#### STORED DATA

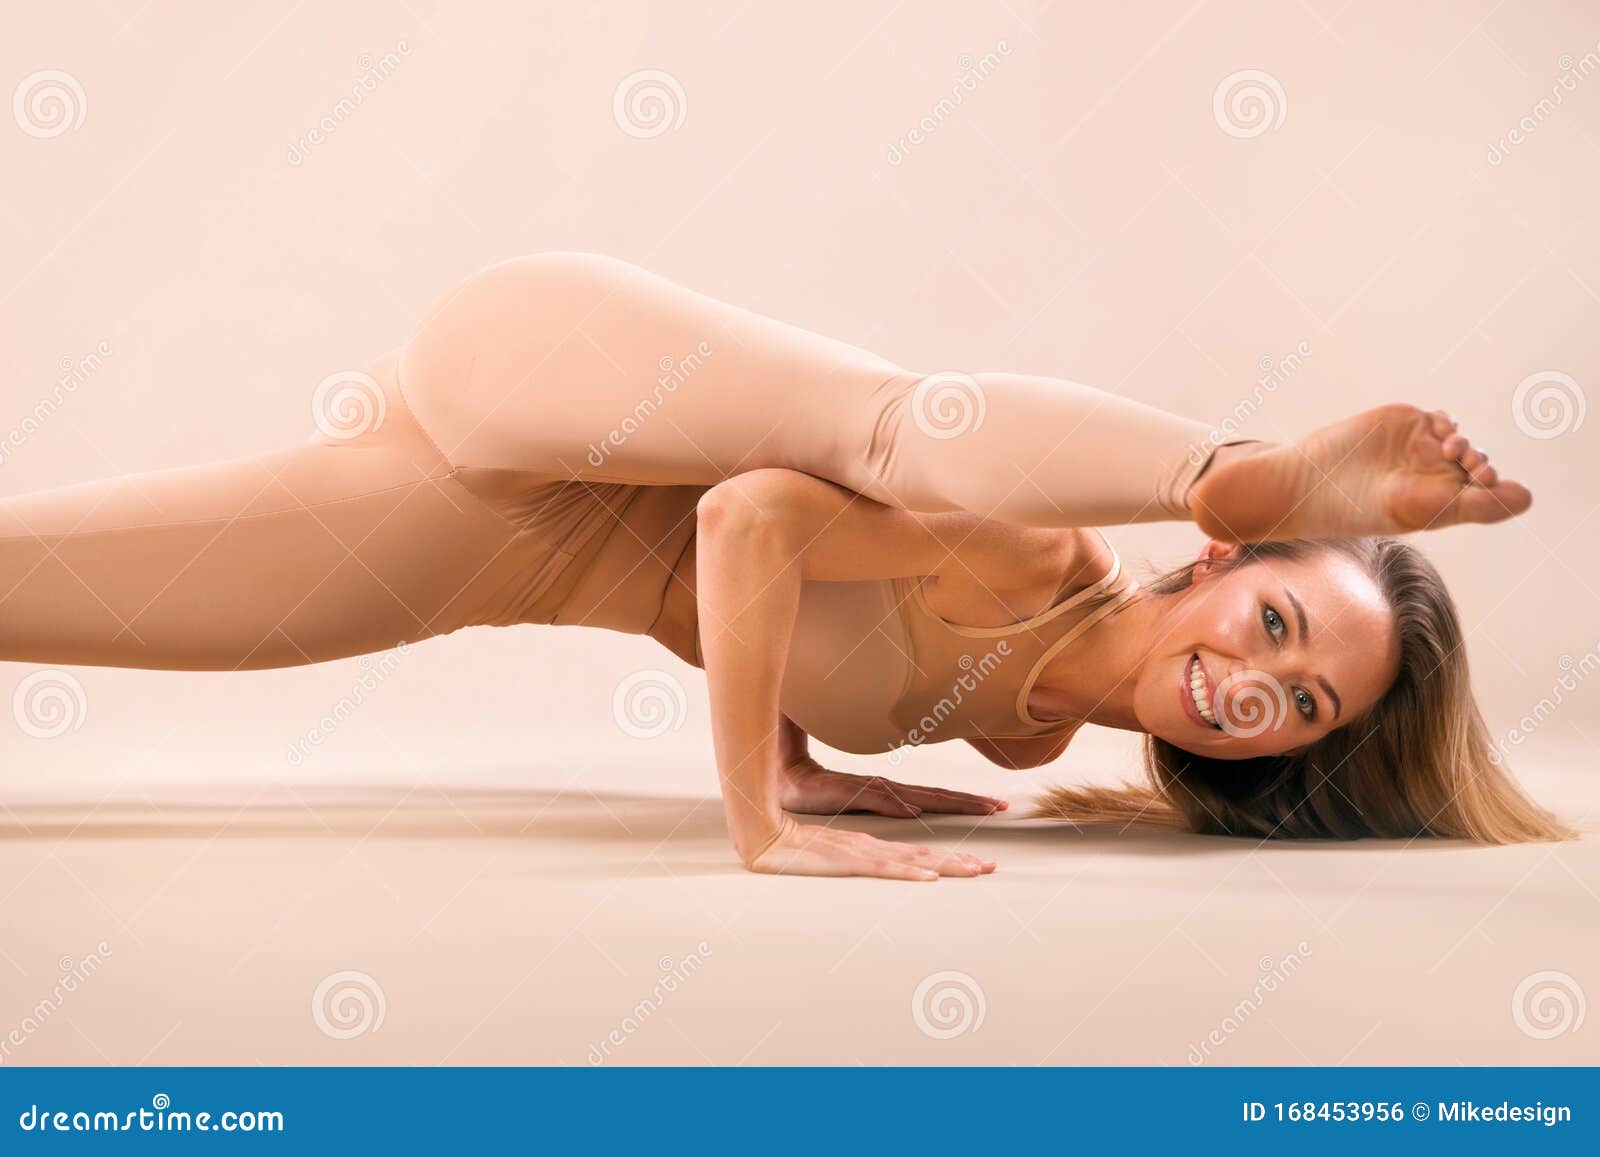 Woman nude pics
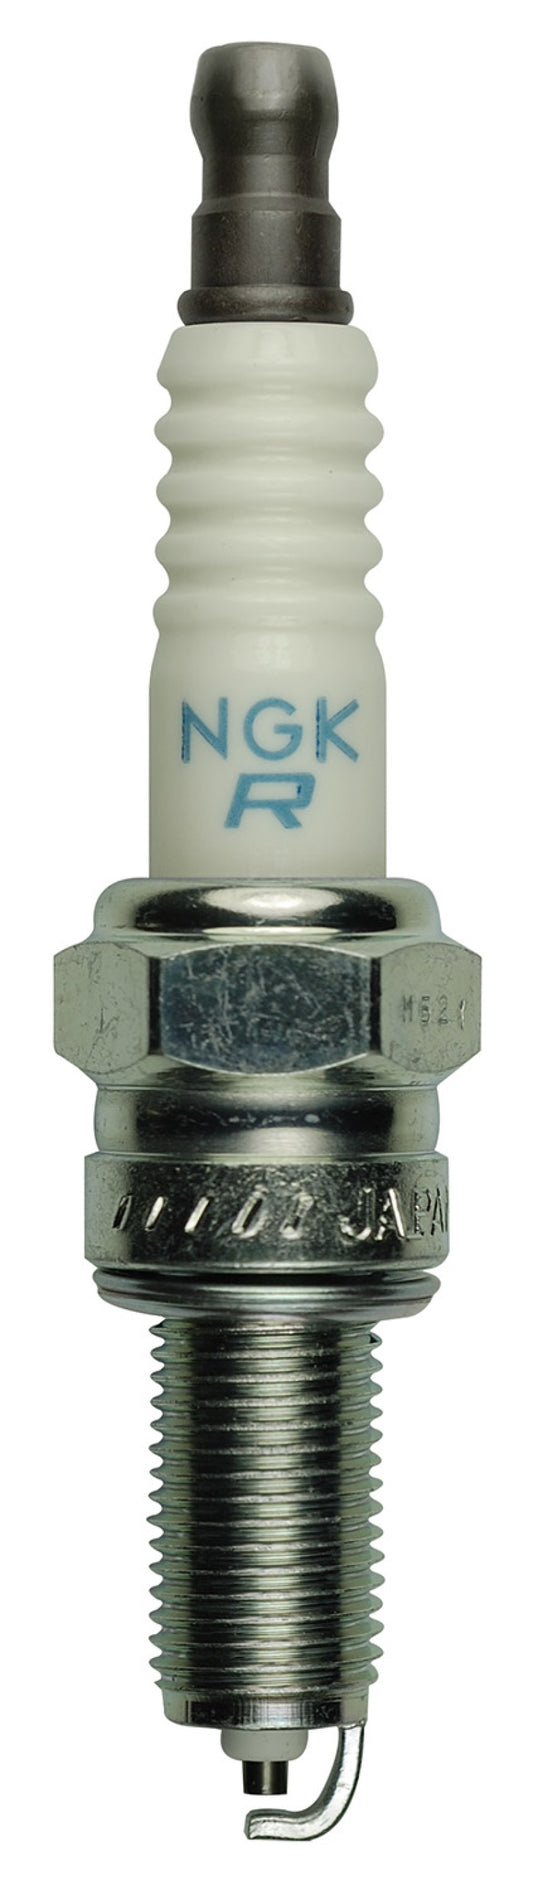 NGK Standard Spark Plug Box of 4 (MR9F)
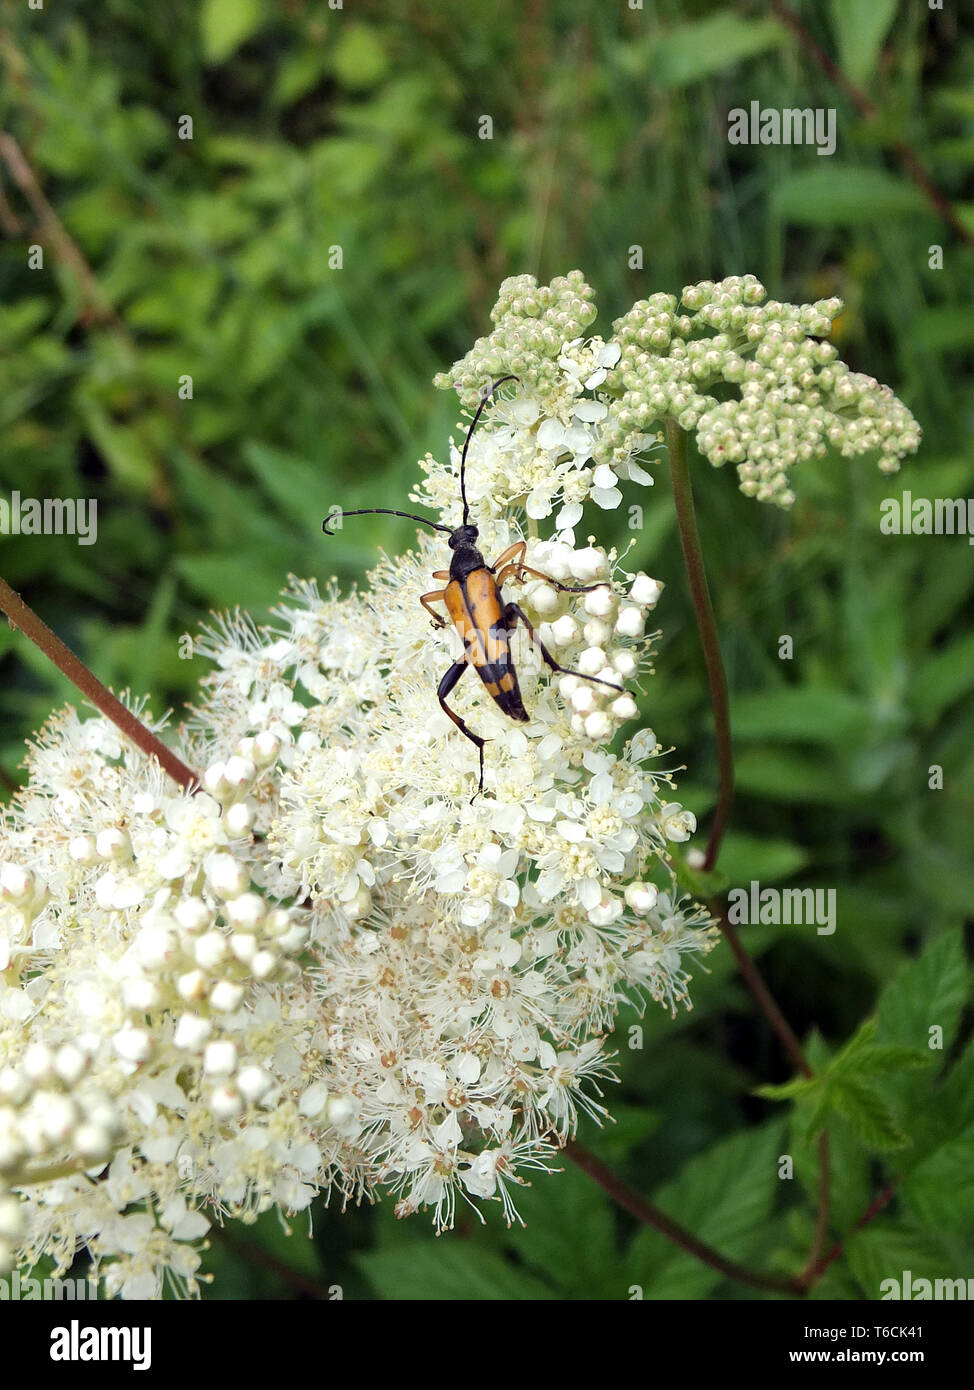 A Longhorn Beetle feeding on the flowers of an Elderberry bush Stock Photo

########

YOUR TASK — After locating the line with "NGK Standard Spark Plug Box of 4 (MR9F)" in the listing above, transcribe it and every line after it to the last, exactly, with no pictures.

RESULT OF THIS TASK —
 NGK Standard Spark Plug Box of 4 (MR9F)
 A Longhorn Beetle feeding on the flowers of an Elderberry bush Stock Photo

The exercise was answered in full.